**Your assignment**: In the records below, begin at the line containing "Joy Cleaners |" and end at the line containing "Italy 18th Century"; quote every line in that span exactly, including both boundary lines, and no others.

**Available data**:
..........

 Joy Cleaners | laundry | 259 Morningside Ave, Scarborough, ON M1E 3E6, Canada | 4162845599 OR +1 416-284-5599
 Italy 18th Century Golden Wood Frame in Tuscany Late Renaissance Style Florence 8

..........

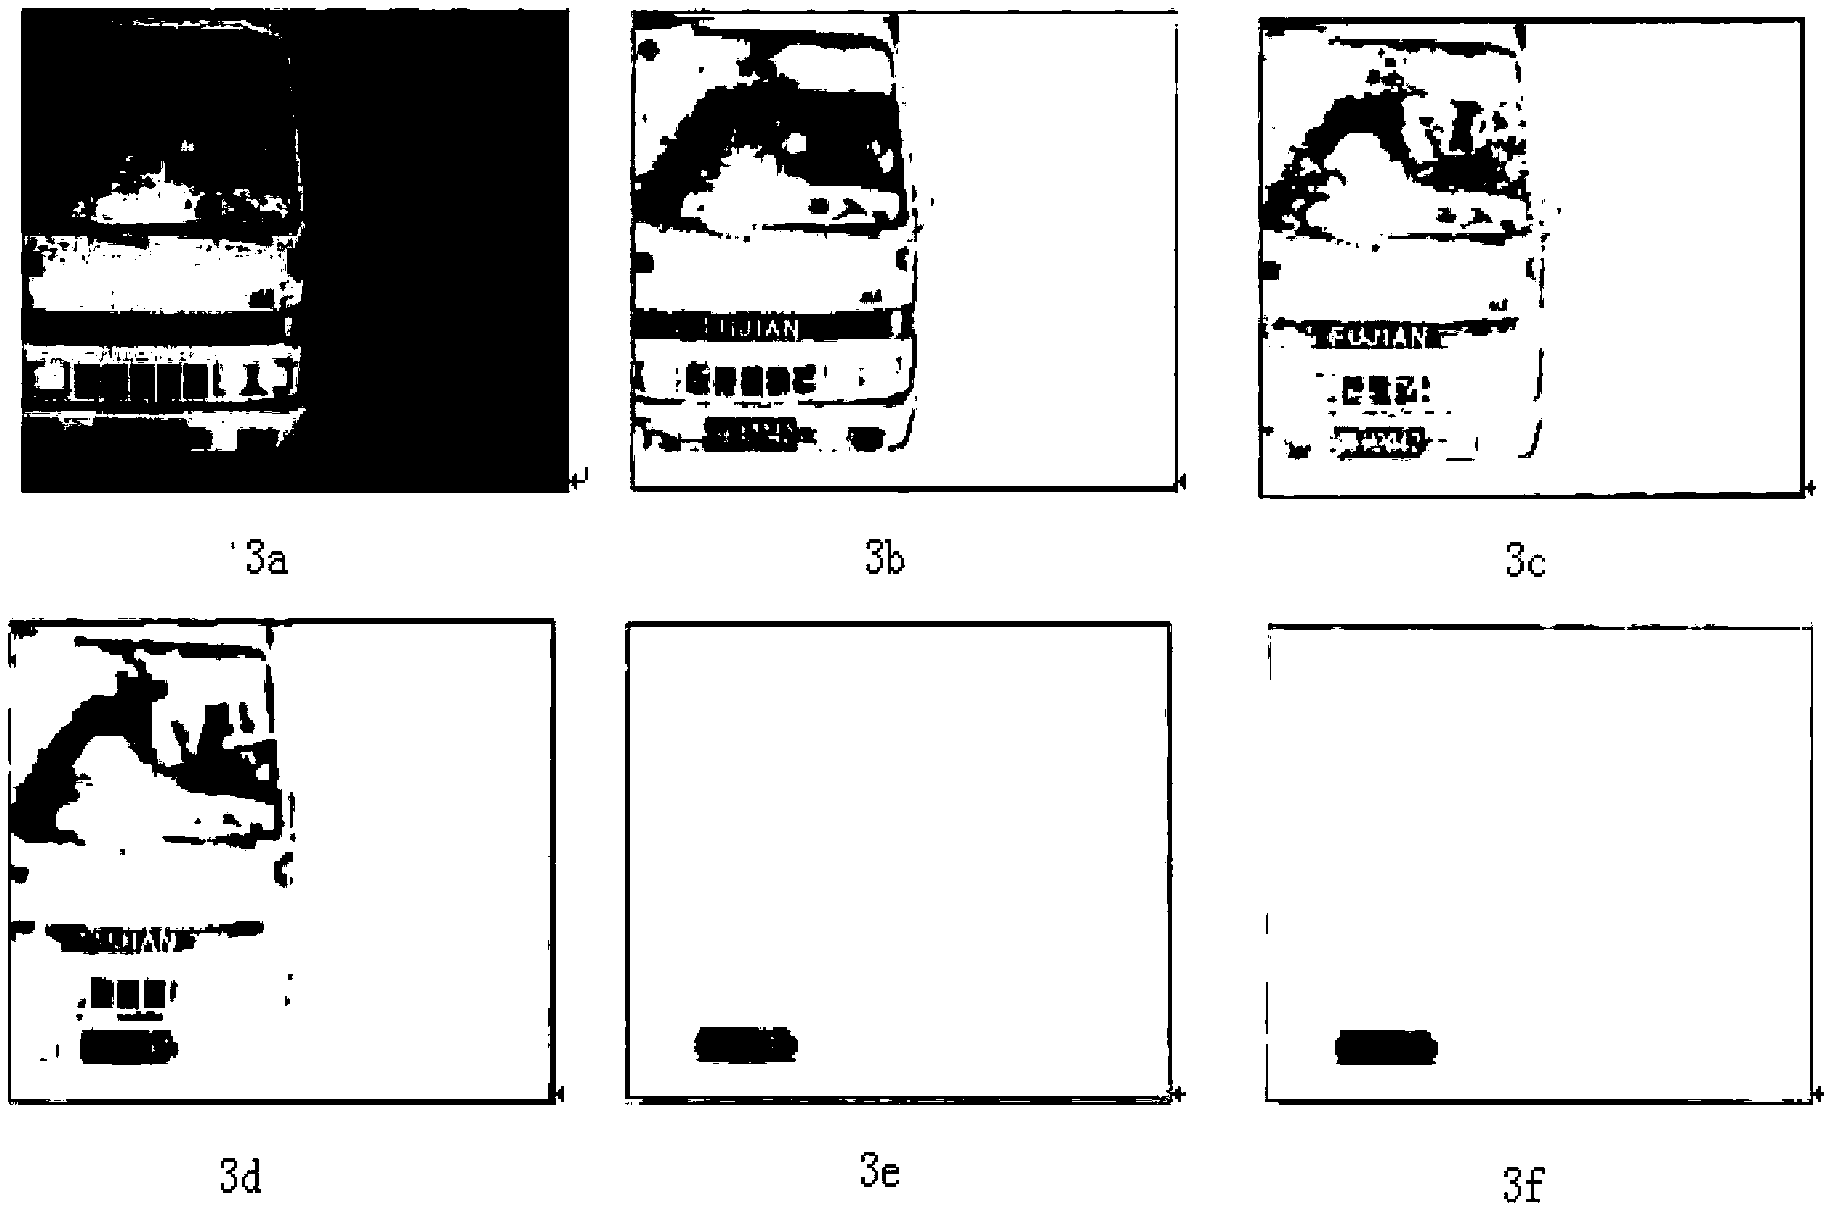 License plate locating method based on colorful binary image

..........

**Task answer**:
 Joy Cleaners | laundry | 259 Morningside Ave, Scarborough, ON M1E 3E6, Canada | 4162845599 OR +1 416-284-5599
 Italy 18th Century Golden Wood Frame in Tuscany Late Renaissance Style Florence 8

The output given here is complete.